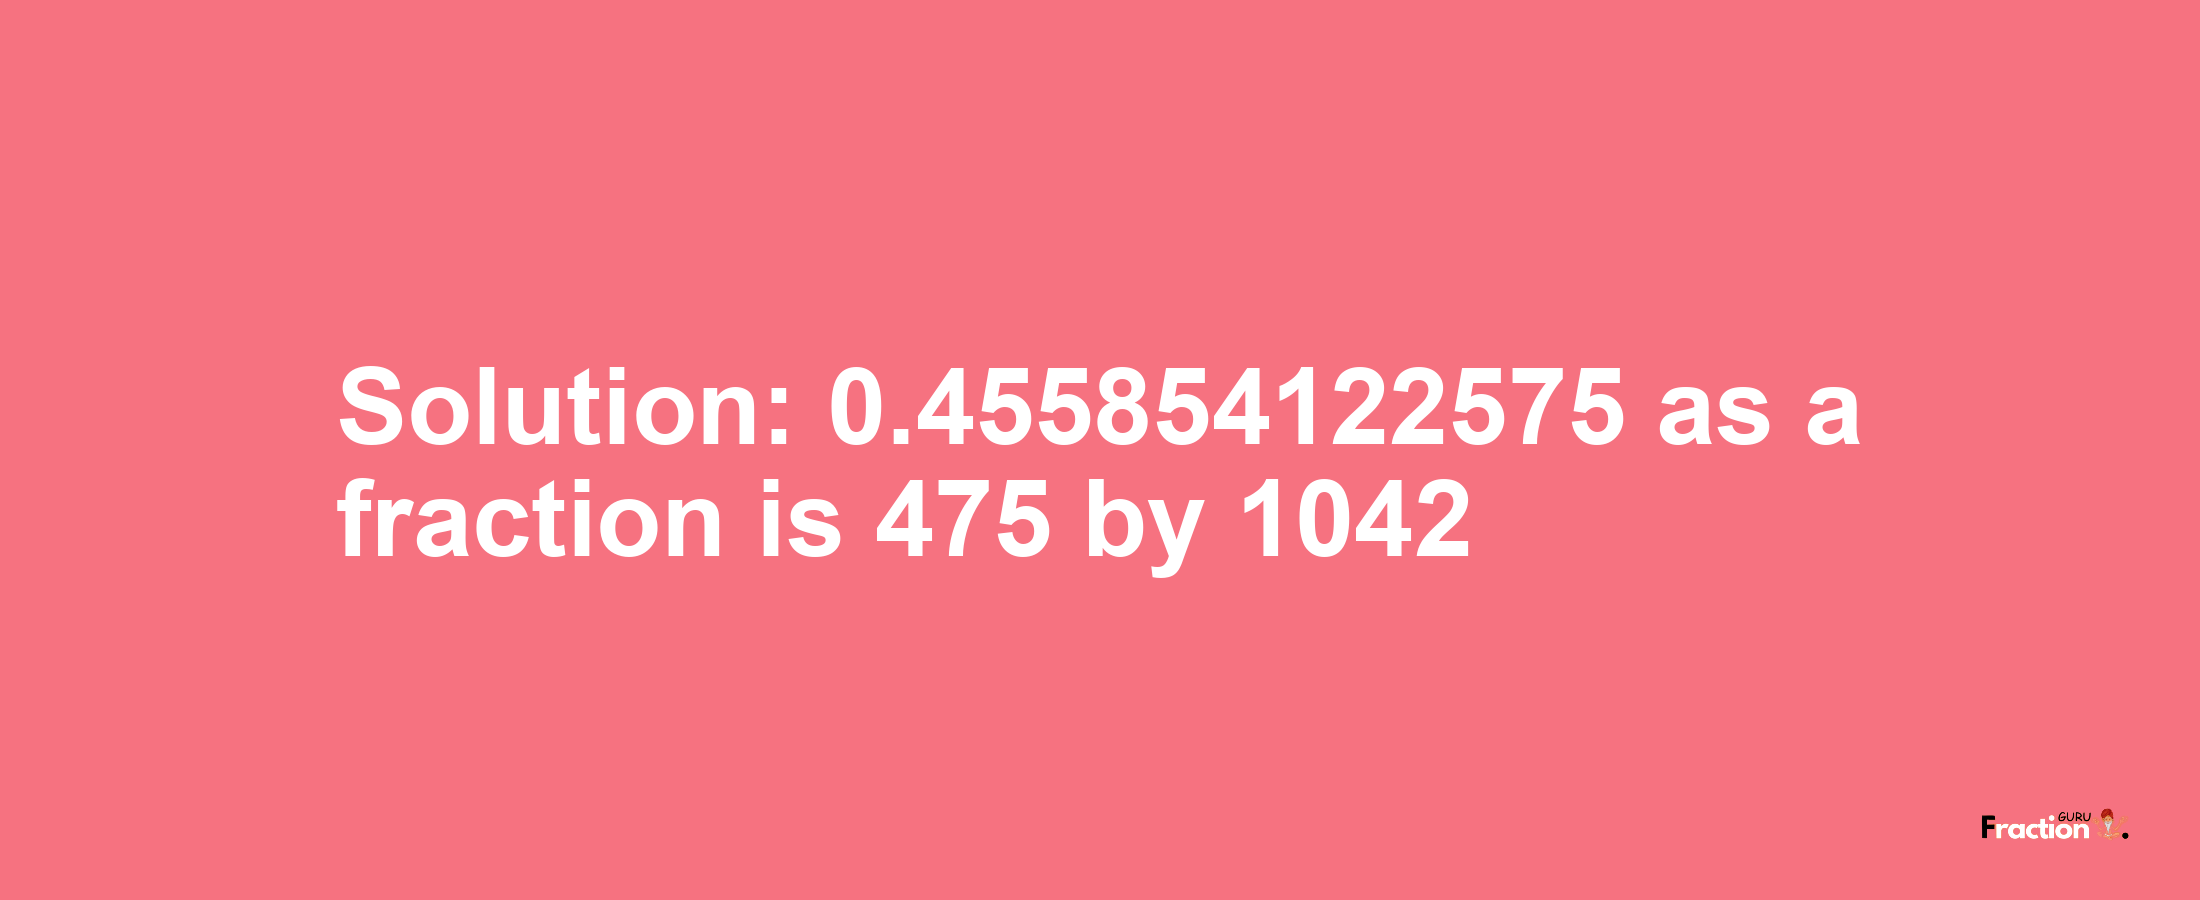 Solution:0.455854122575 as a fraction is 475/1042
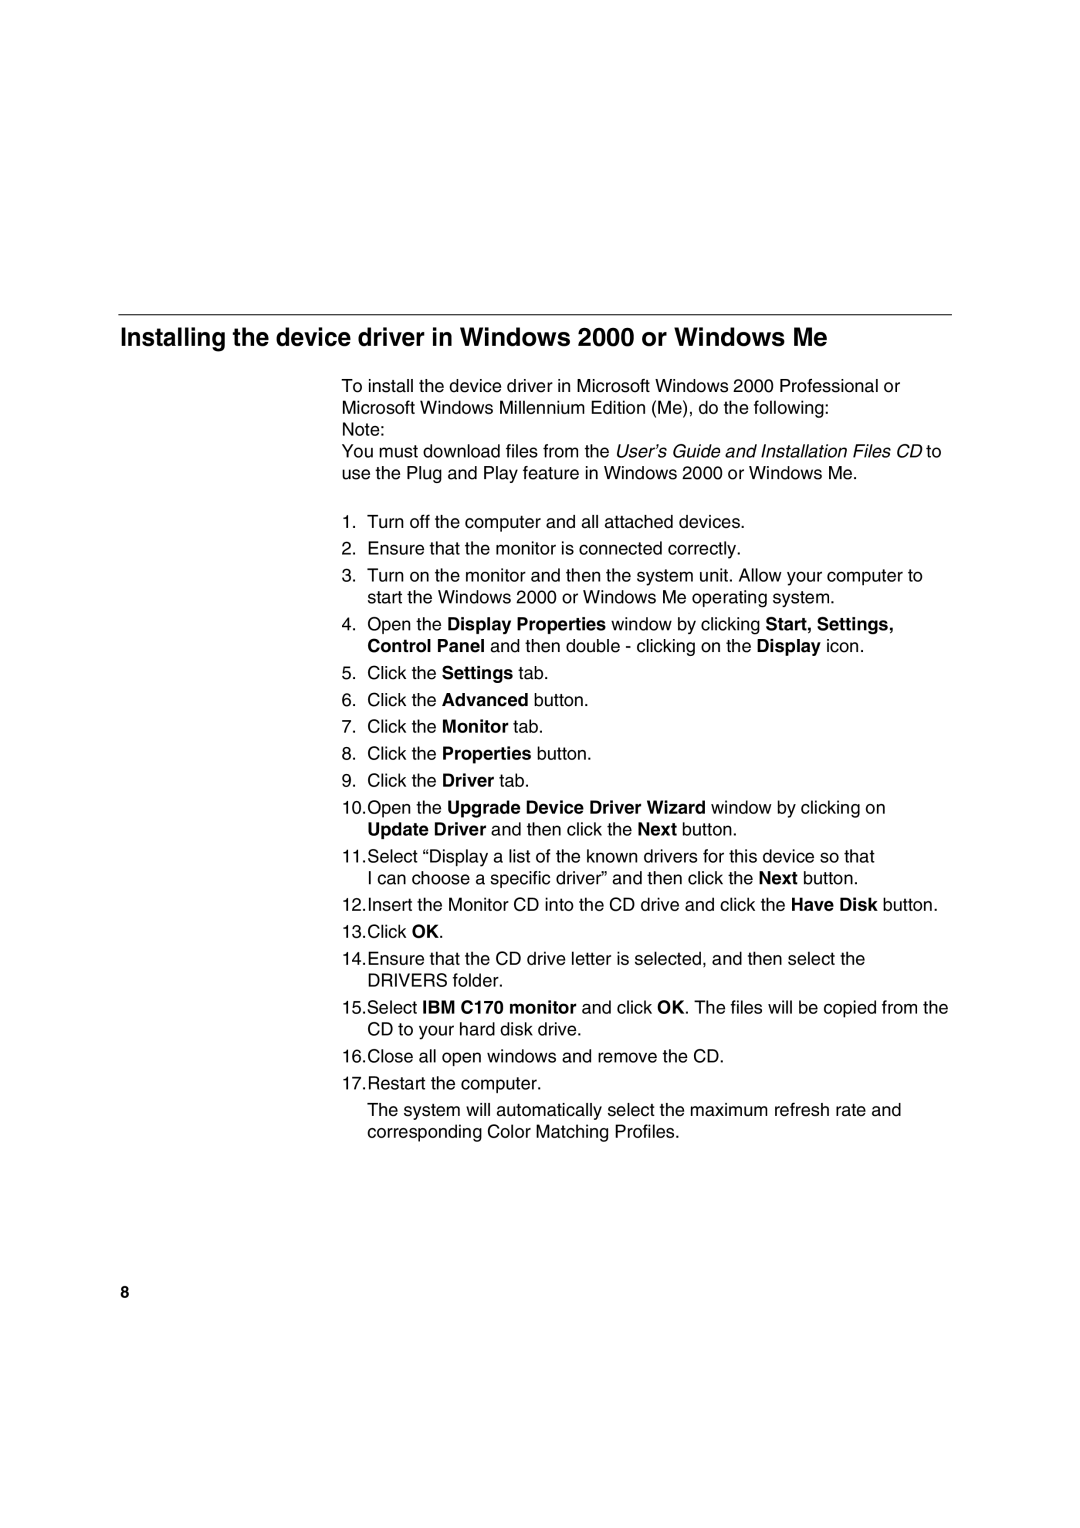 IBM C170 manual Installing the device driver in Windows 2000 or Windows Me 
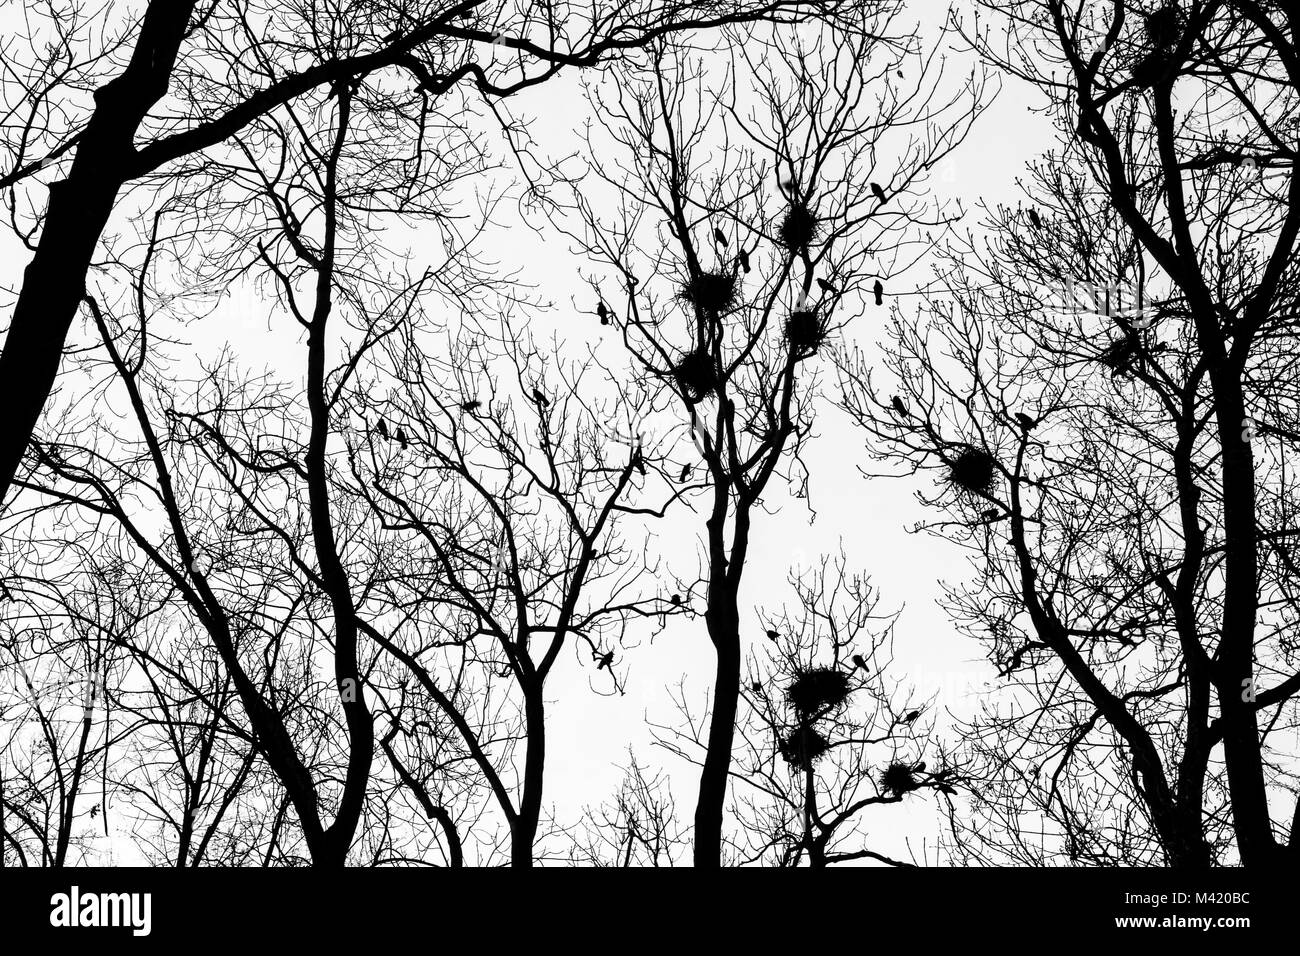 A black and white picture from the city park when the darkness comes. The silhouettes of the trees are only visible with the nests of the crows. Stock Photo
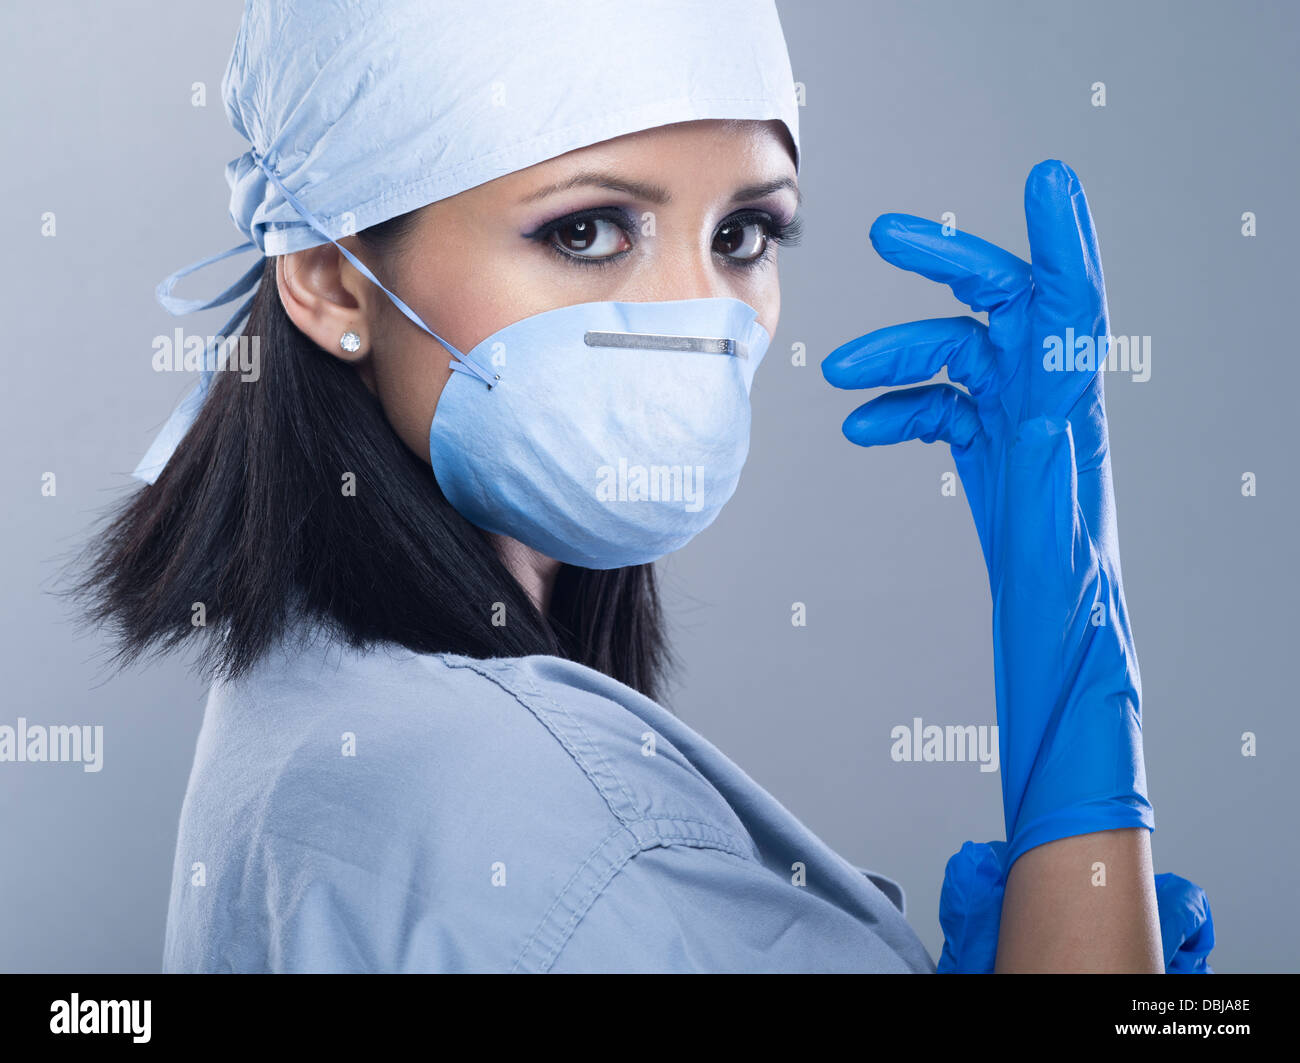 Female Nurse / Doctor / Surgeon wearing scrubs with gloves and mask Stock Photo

What the task asks: Exactly as written, return each line above and leave the pictures behind.

Finished exercise:
 Solution:0.455854122575 as a fraction is 475/1042
 IBM C170 manual Installing the device driver in Windows 2000 or Windows Me 
 A black and white picture from the city park when the darkness comes. The silhouettes of the trees are only visible with the nests of the crows. Stock Photo
 Female Nurse / Doctor / Surgeon wearing scrubs with gloves and mask Stock Photo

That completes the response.